**ABOUT THIS TASK**: Begin at the line containing "De Naarderstraat is wel sfeervol verlicht." and restate it and each line after it exactly, up to and including the last line below. Leave pictures out.

##### INFORMATION SHOWN #####

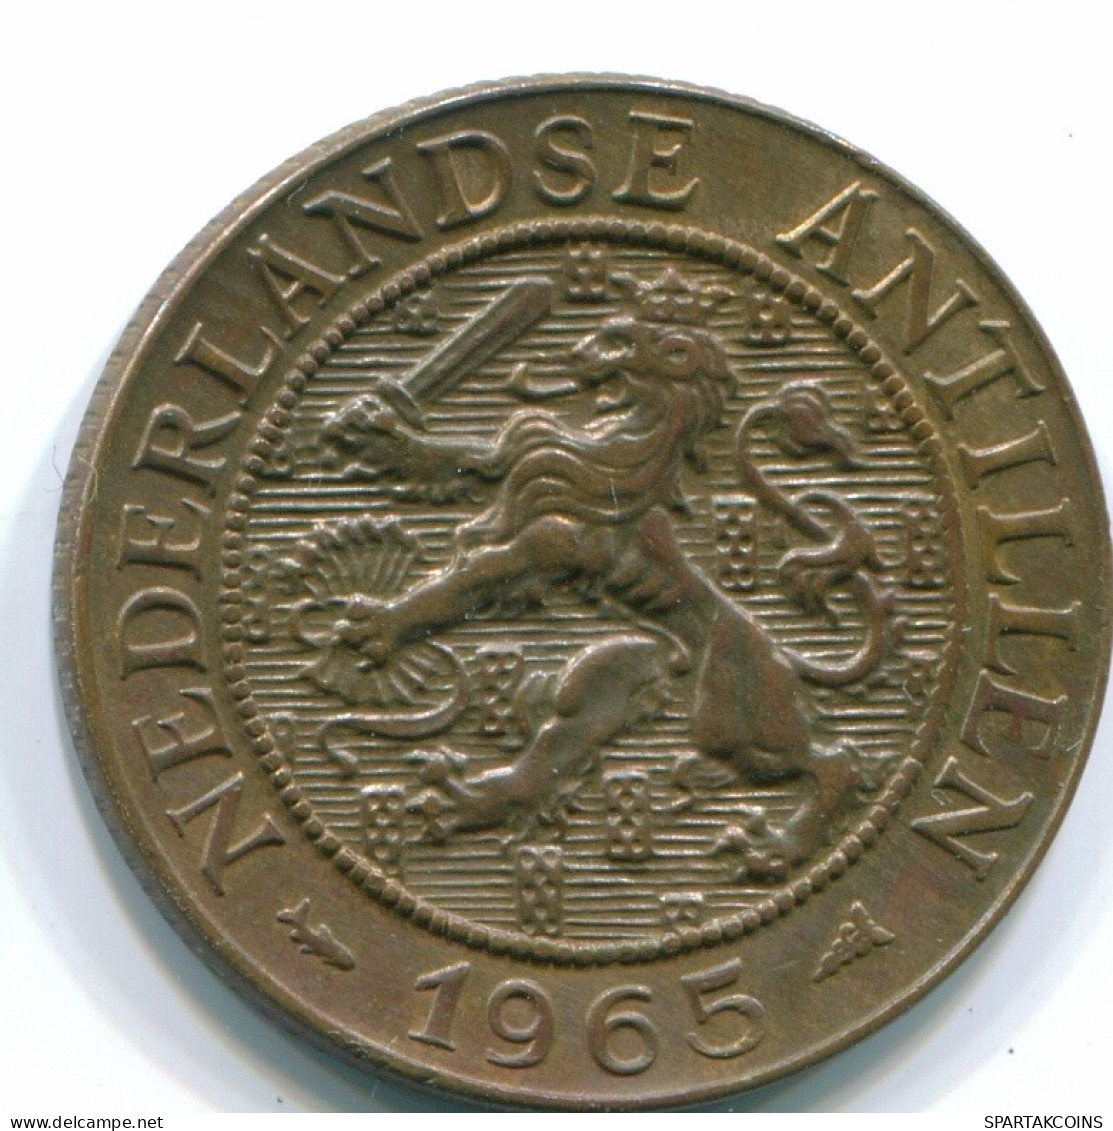 2 1/2 CENT 1965 CURACAO NIEDERLANDE NETHERLANDS Koloniale Münze #S10201.D.A - Curaçao
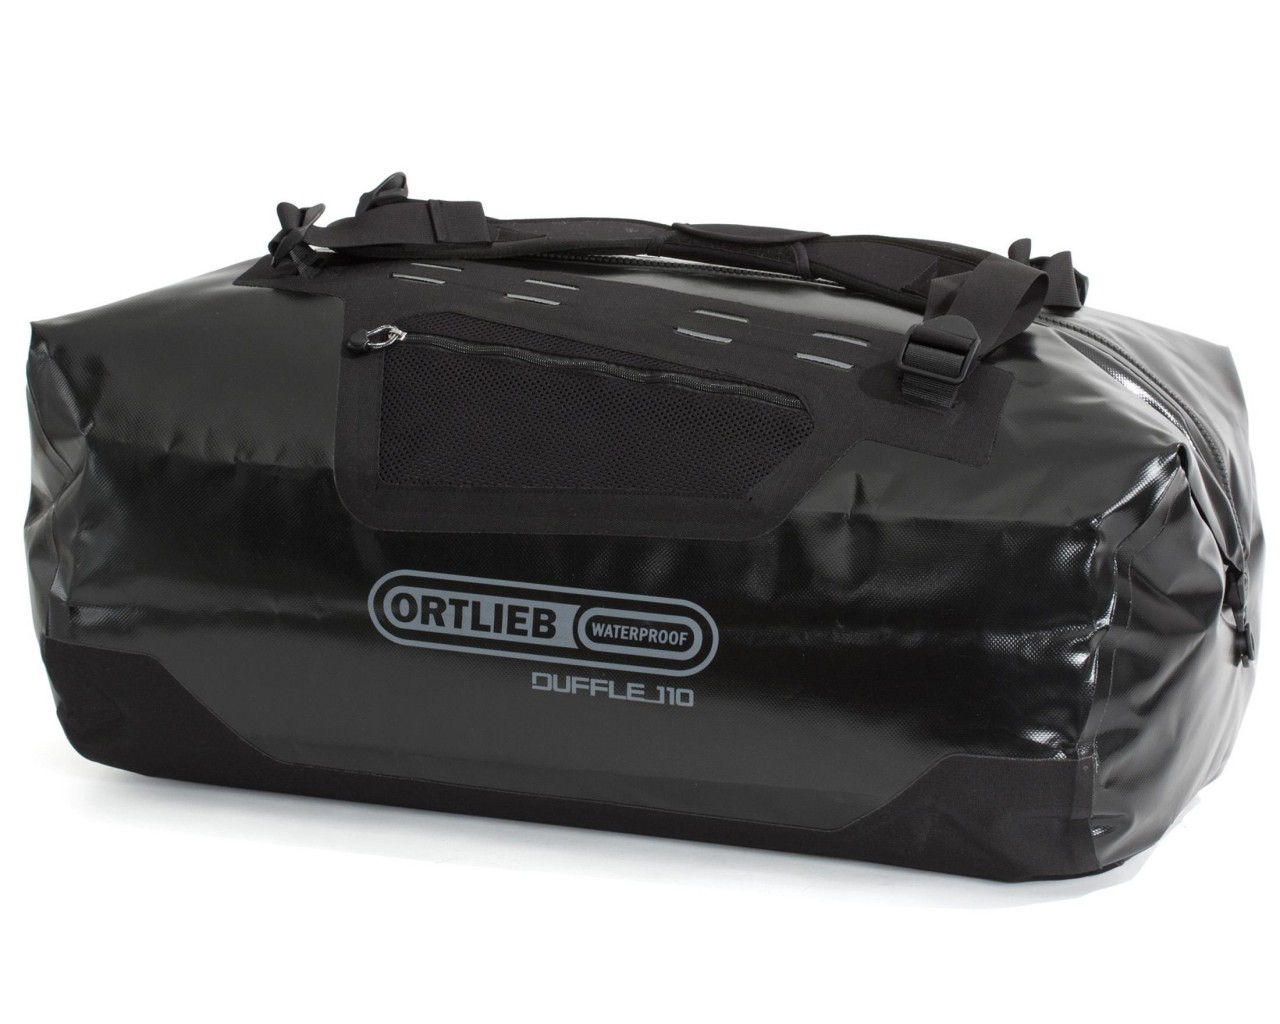 Ortlieb Duffle waterproof bag 110 liter | black
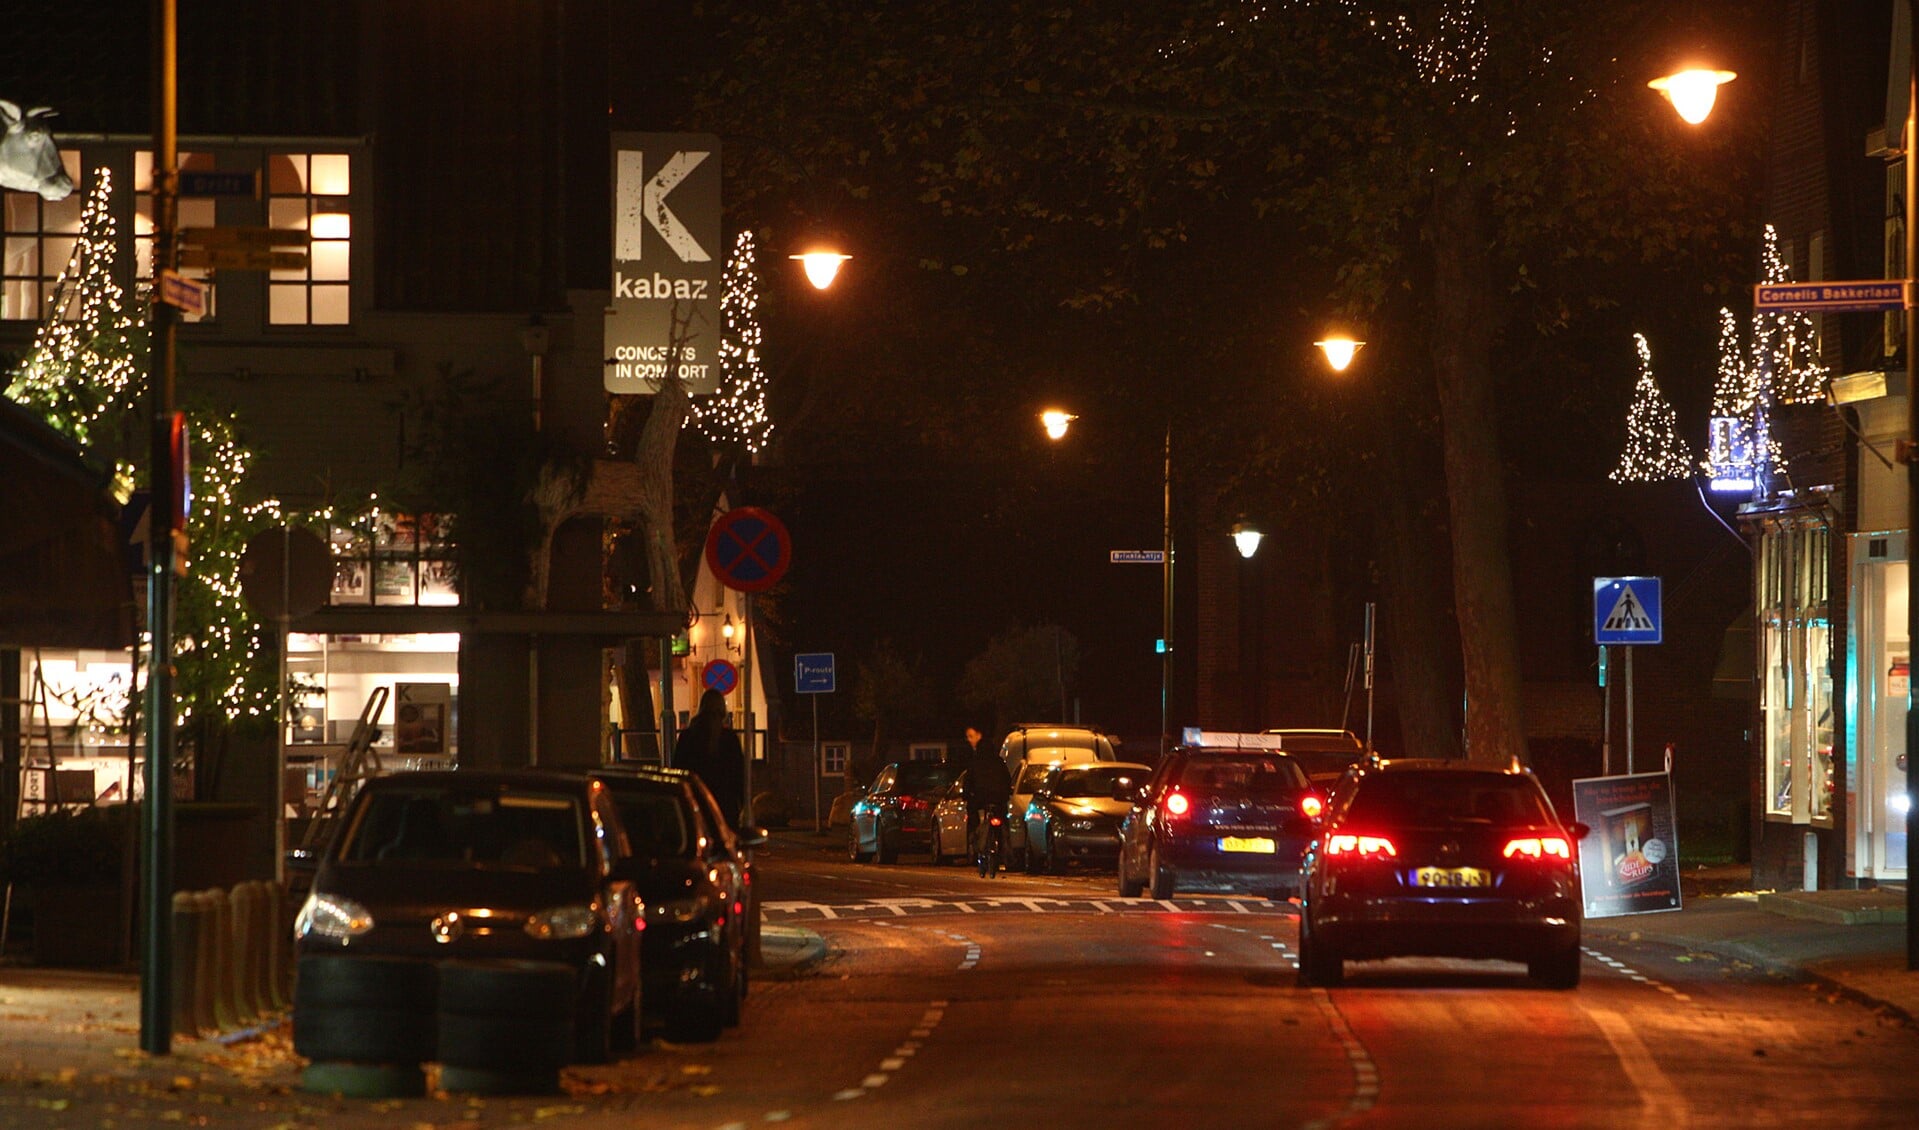 De Naarderstraat is wel sfeervol verlicht.
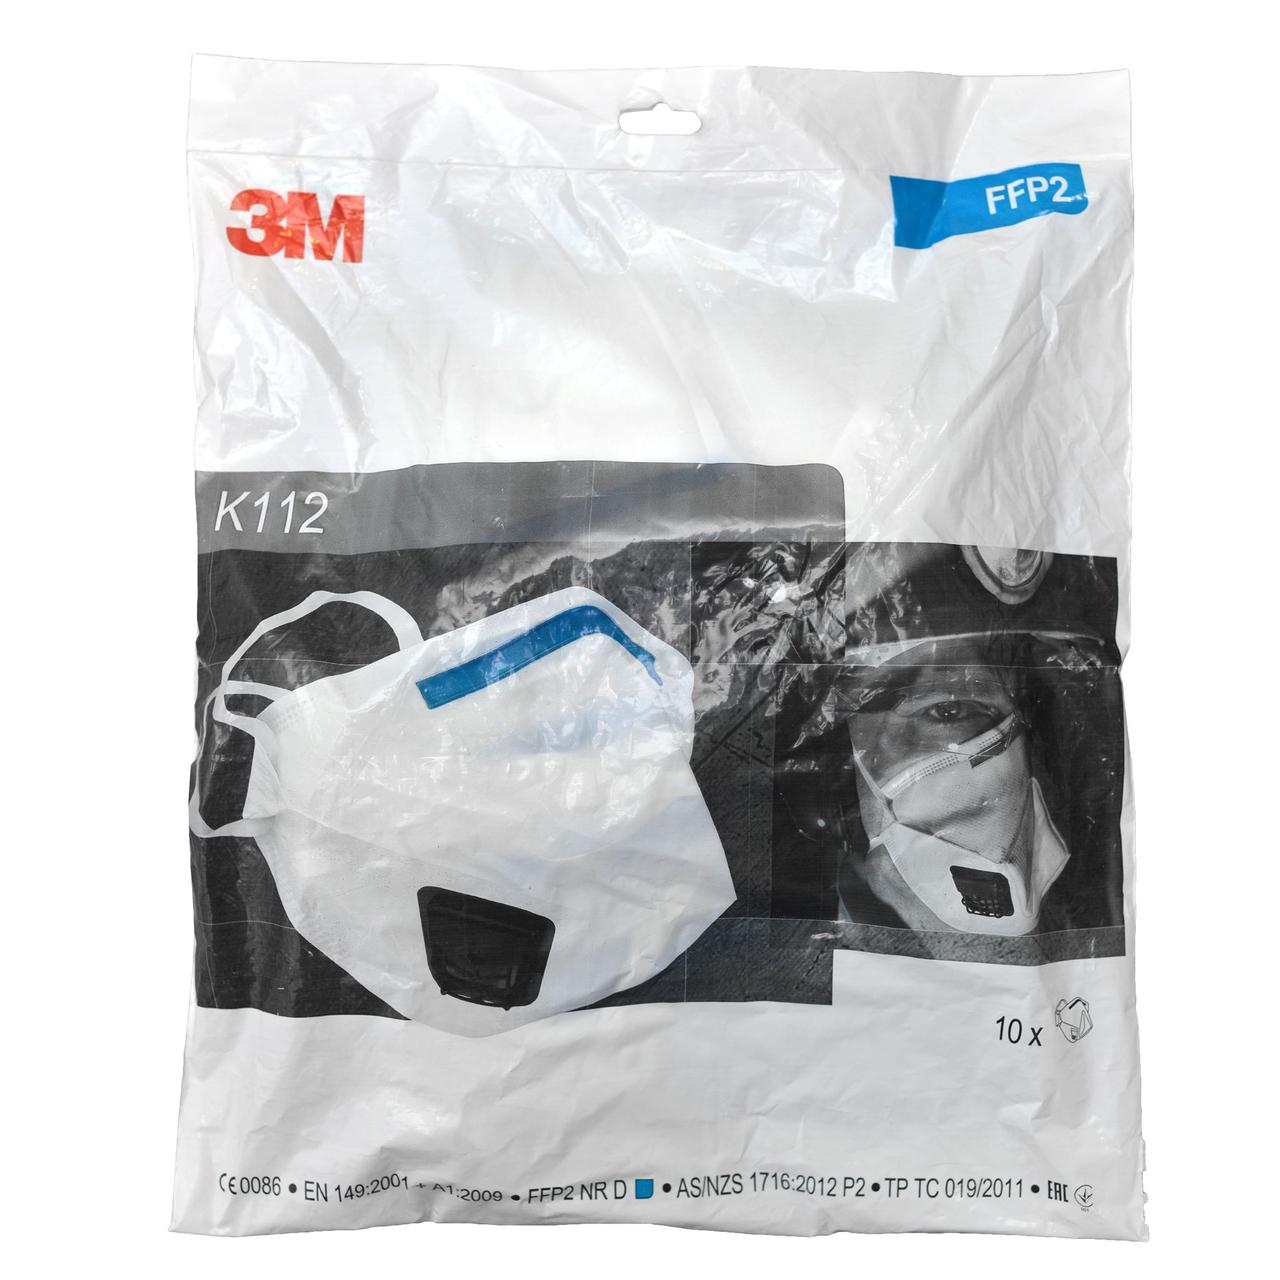 Респіратор маска 3M™ K112 (FFP2) висока фільтрація 10 штук в упаковці

#####

**EXERCISE OUTPUT**:
 De Naarderstraat is wel sfeervol verlicht.
 Респіратор маска 3M™ K112 (FFP2) висока фільтрація 10 штук в упаковці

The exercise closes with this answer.